The history is as old as the Mediterranean. The first settlements are linked to Trojan communities in the 5th century BC. Later the village survives Vandal and Saracen attacks. In the 11th century, the Normans rebuild it, opening it to trade. The Ruffo fortress, built to defend against pirates, still dominates the seaside quarter Chianalea. And the Maria Santissima Immaculata Church from the 5th century is considered the oldest Christian building in Calabria.
The village is divided into three zones. Marina Grande is the bathers' beach, with sand and calm water. San Giorgio is the upper part, with little streets climbing like stairs. And Chianalea di Scilla is what catches the eye of every visitor - the old fishermen's houses look as if they grew directly out of the sea, built atop rocks that were once just the floor of the bay.
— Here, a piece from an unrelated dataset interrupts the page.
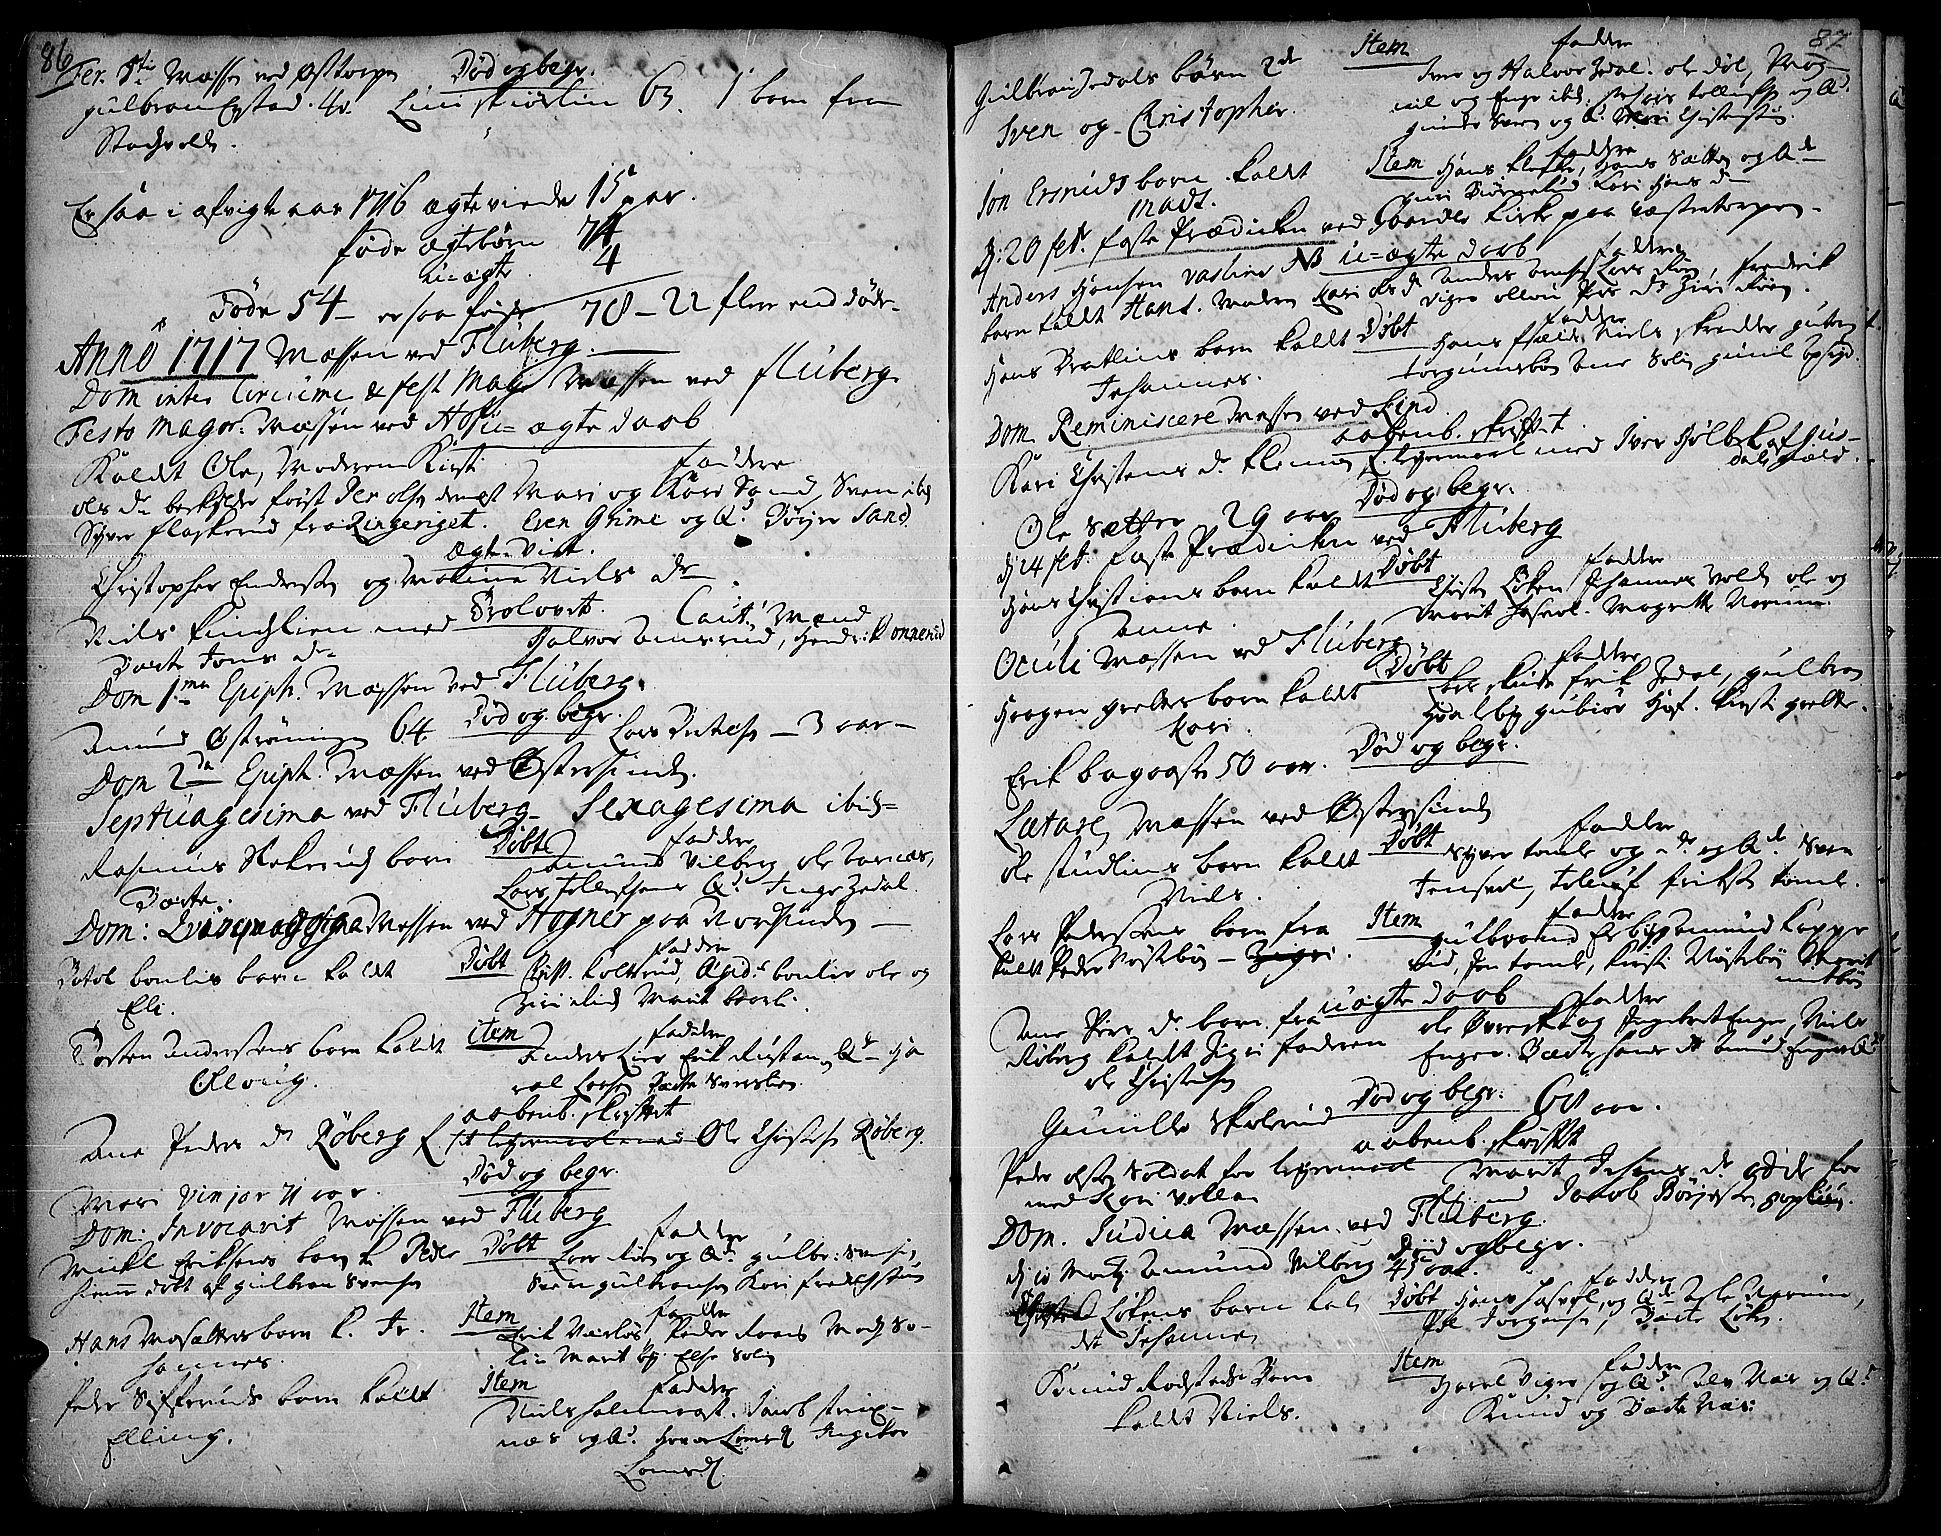 SAH, Land prestekontor, Ministerialbok nr. 1, 1708-1732, s. 86-87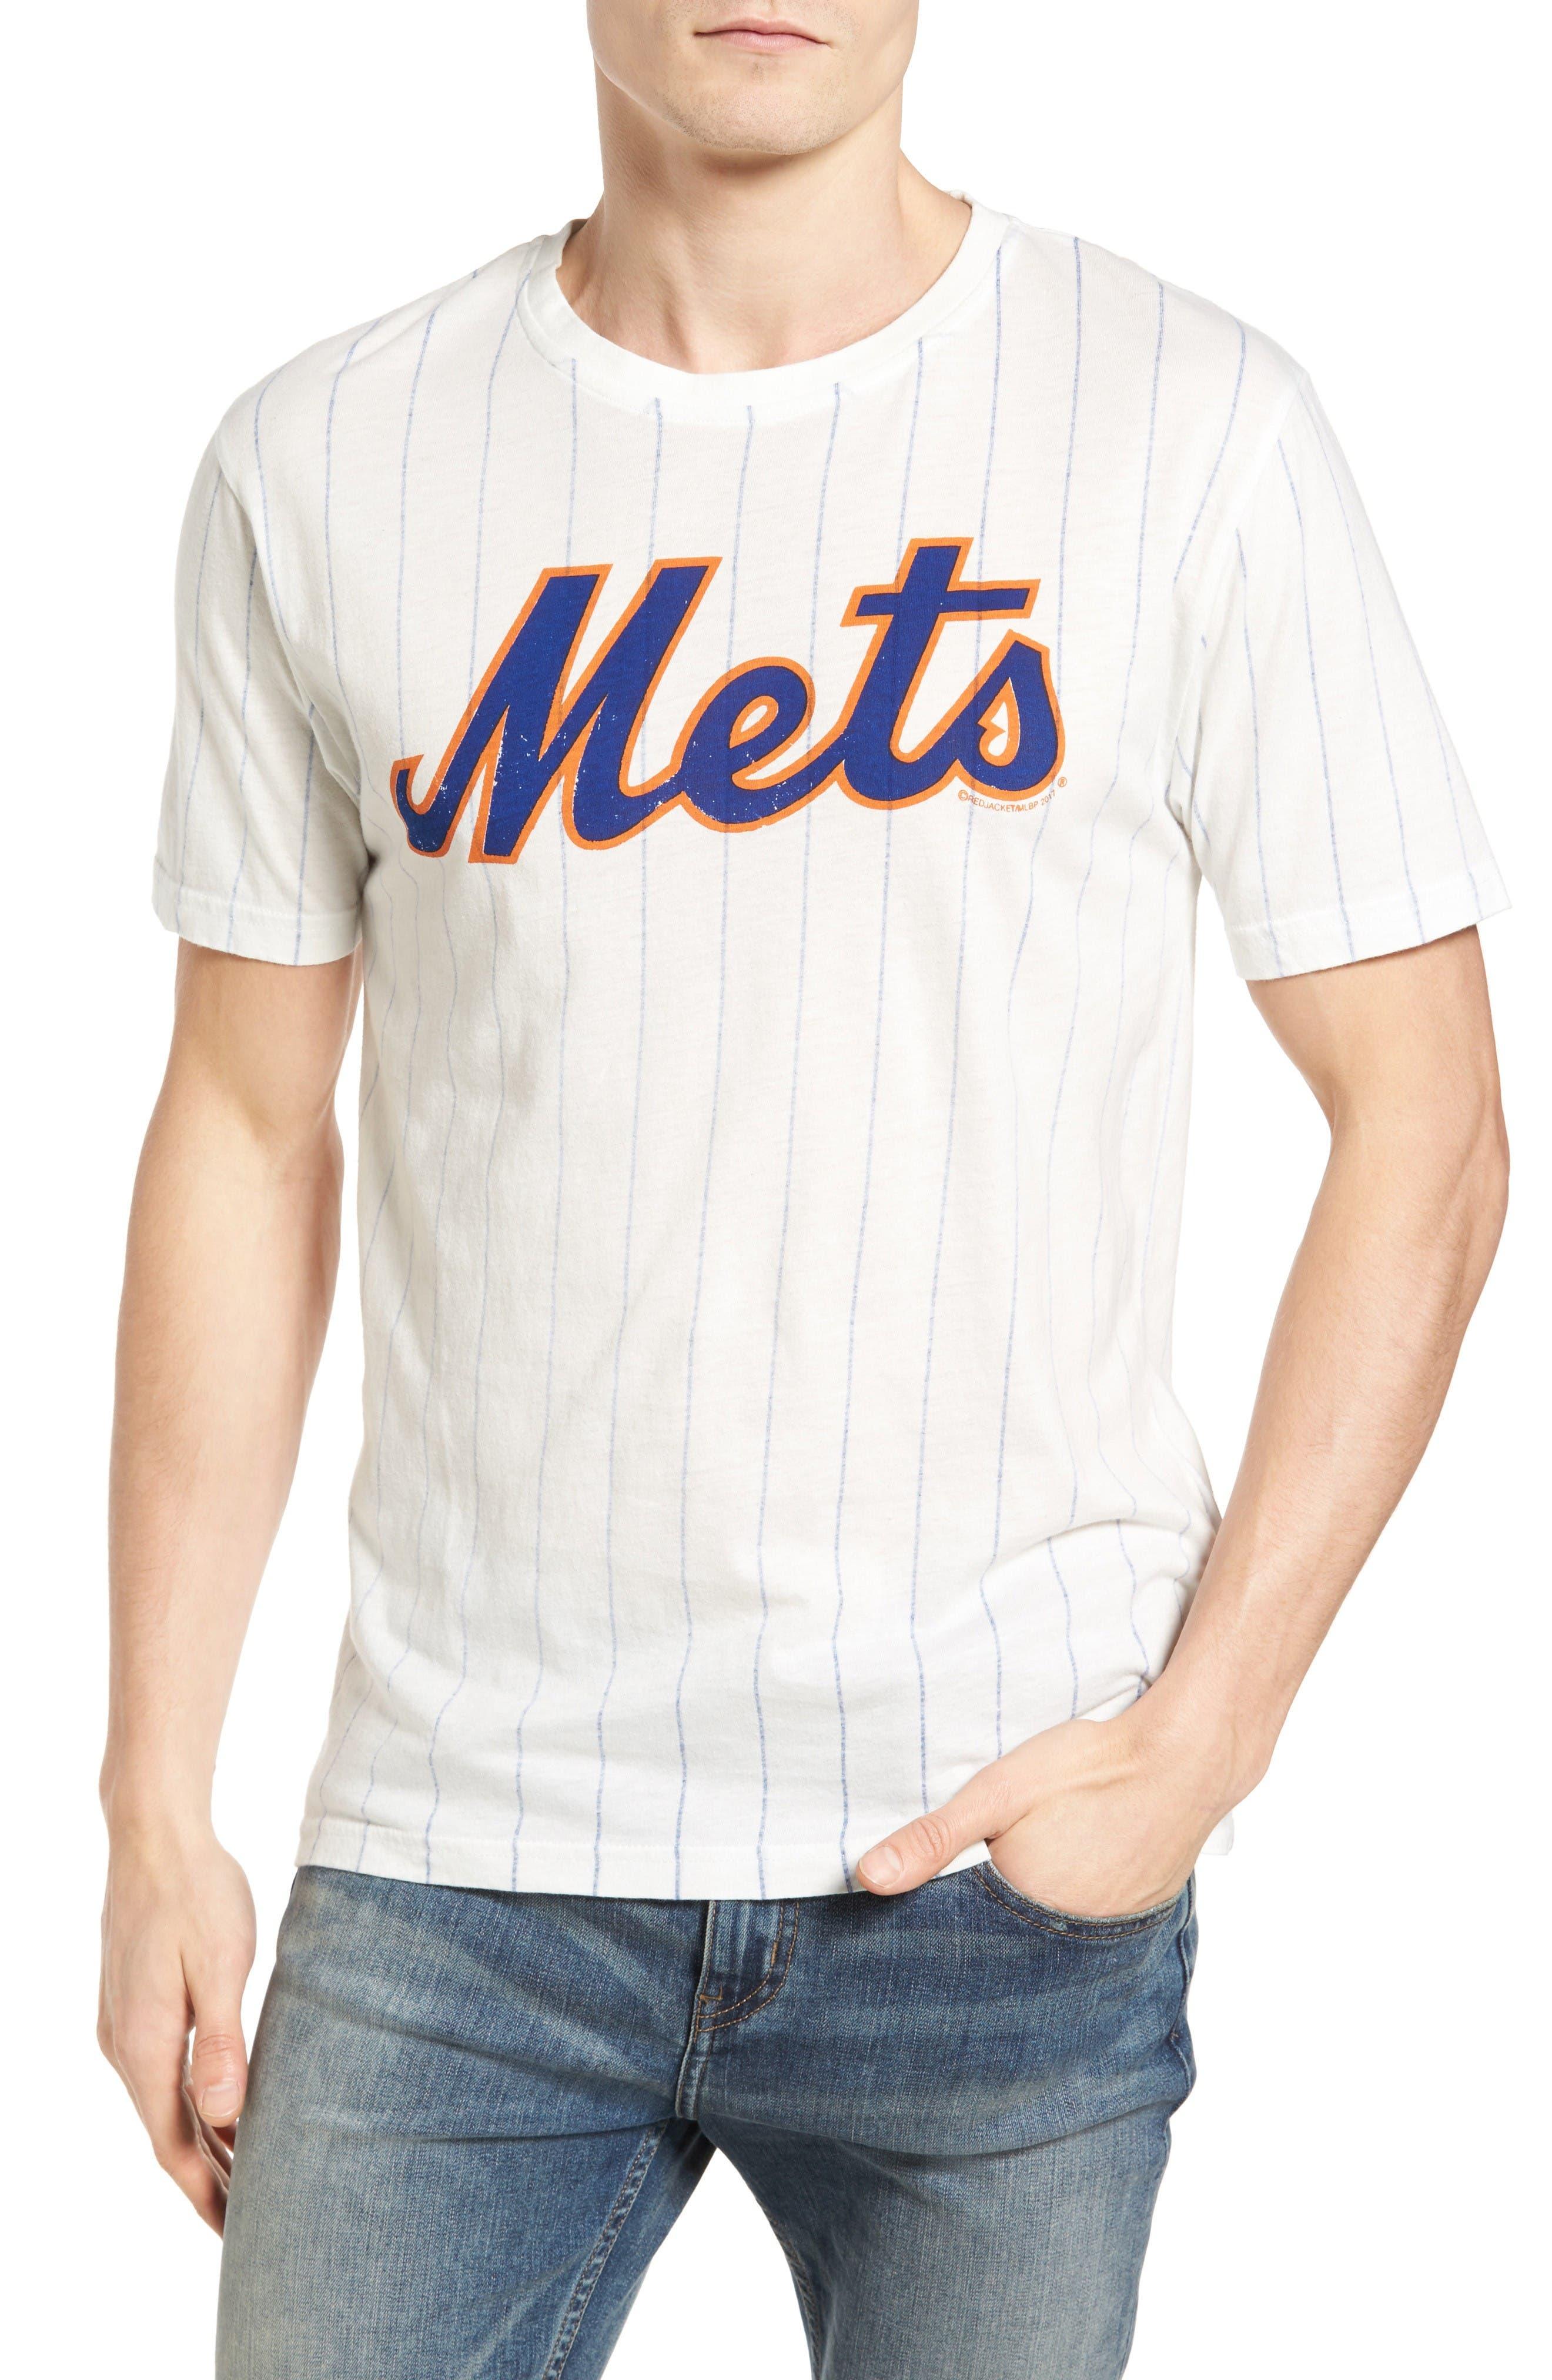 Brass Tack New York Mets T-Shirt,                         Main,                         color, Cream/ Royal

The cuisine is simple and powerful: swordfish is the king of the table. It is made in rolls, on parmesan, grilled, or as an Italian take on a burger. Local fishermen still use traditional boats with wooden tops representing the constellation "Ursa Minor" - a heritage that is not an exhibit, but a tool in daily use.
For visitors who want more than the beach, there are Palazzo Scategna (today a hotel), Villa Zagari from 1933 (a national monument), the Ruffo fountain from the 16th century, and the Fontana dei tre Canali from the 17th. In Piazza San Rocco stands a statue of Scilla herself - the mythical creature from Homer's "Odyssey" after which the village is named.
For a Balkan traveller, Scilla is close - as close as the Albanian coast is for Italians. But unlike Tuscany or Puglia, here you are not surrounded by buses and tour groups. You can sit at a café on Marina Grande at seven in the evening and watch Stromboli smoking in the distance - and be the only customer at the table without an Italian accent.